Every minor or major improvement in working class conditions, at work or in communities, had to be fought for in the face of opposition from capitalists.  We can’t rely on Vince Cable, let alone the Westminster government, to outlaw exploitation.

The trade union movement should launch a massive recruitment drive amongst unorganised workers, demanding the outright banning of all ZHCs, fighting instead for a decent Living Wage as the guaranteed minimum hourly rate for all over 16.  They should demand secure and permanent jobs for all – including full time jobs for all who want them.

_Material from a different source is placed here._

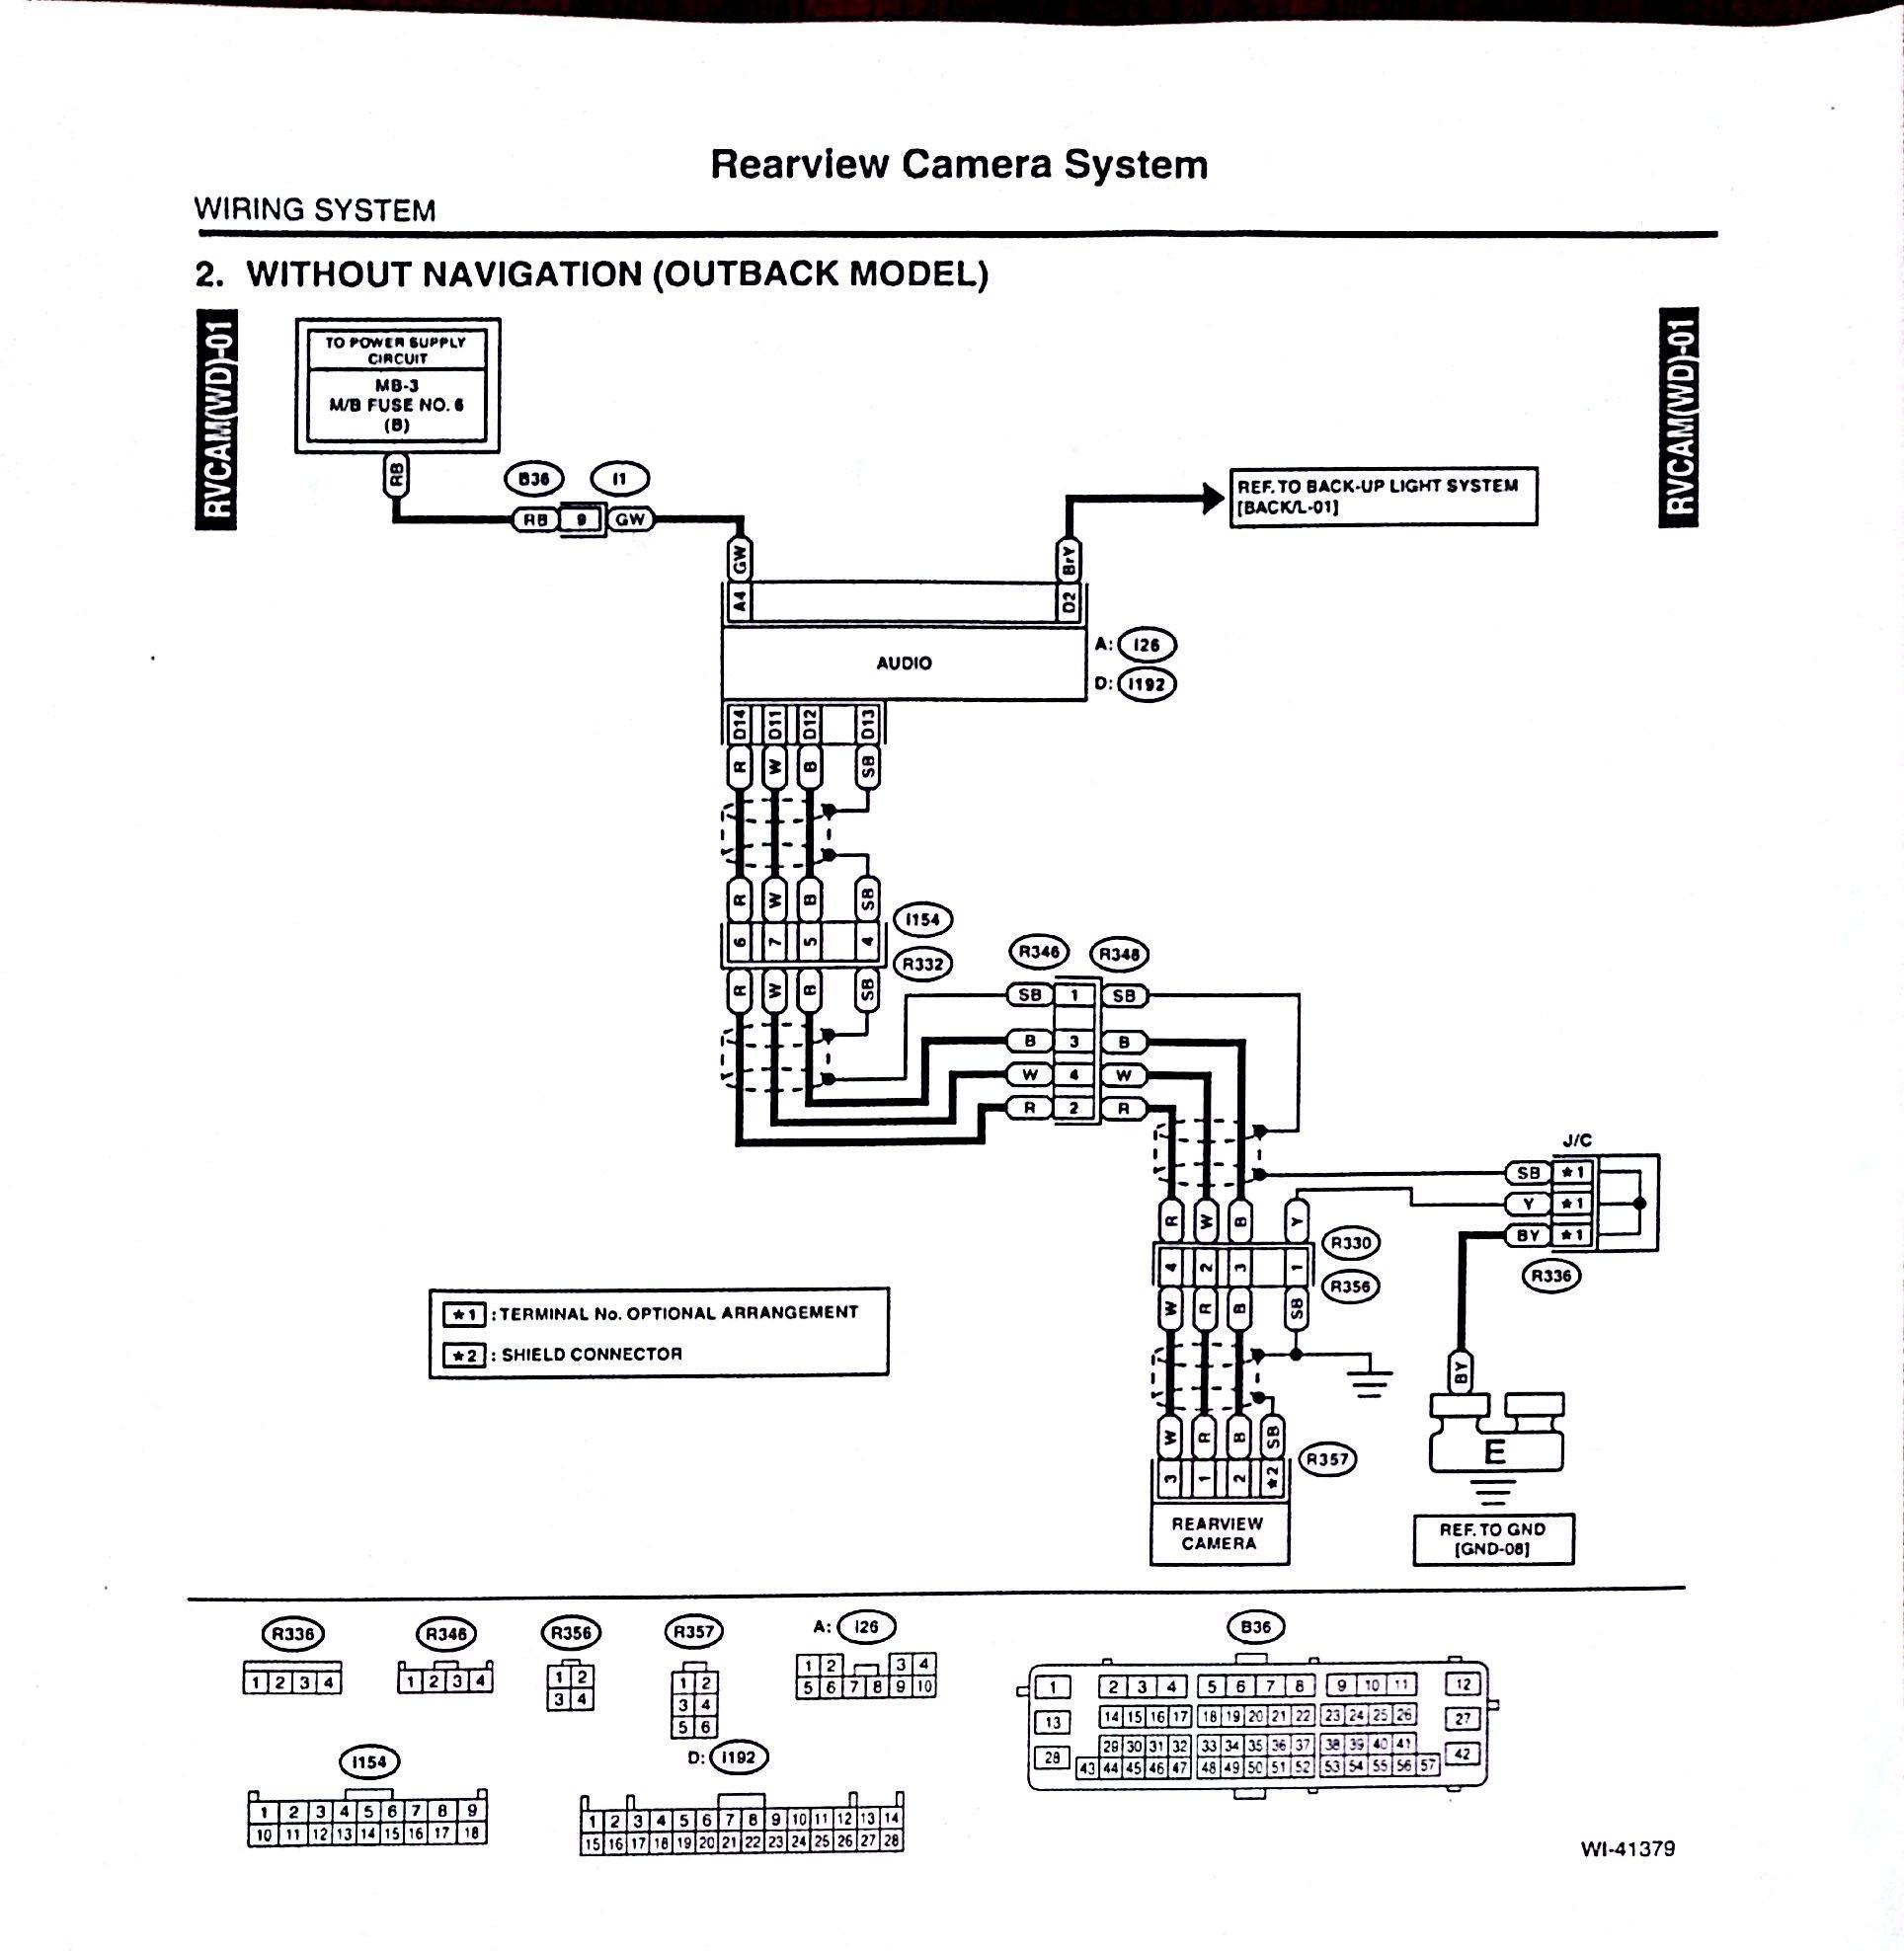 Wiring Diagram For Pyle Pld71mu Diagrams Data Base Car Stereo Plbt73g Nemetas Aufgegabelt Info Rh On Touch Screen Radio Plcm7500 Image

By fighting to boost the hourly rates of pay, the working week could also be drastically reduced to a maximum of 35 hours across the board, without loss of earnings, ending the crazy contradictions of millions stressed out by working the longest hours in Europe whilst millions of others suffer the poverty and insecurity of no or casualised work.

There is vast potential for employment – in building decent affordable homes,  hospitals,  state-of-the-art local schools; in green energy and an integrated public transport network.  Instead of foisting insecure work on workers, we need to build a crusade for dignity at work, decent and secure jobs, democratic rights, and a vast, radical shift in power and wealth from the capitalist profit-junkies to workers’ wages and public services.

Today’s Westminster parties will not deliver such a vision.  All the more reason to link the struggle against modern serfdom in all its forms – including ZHCs – to the call for an independent Scotland where we can build a socialist future that is founded on people, not profit.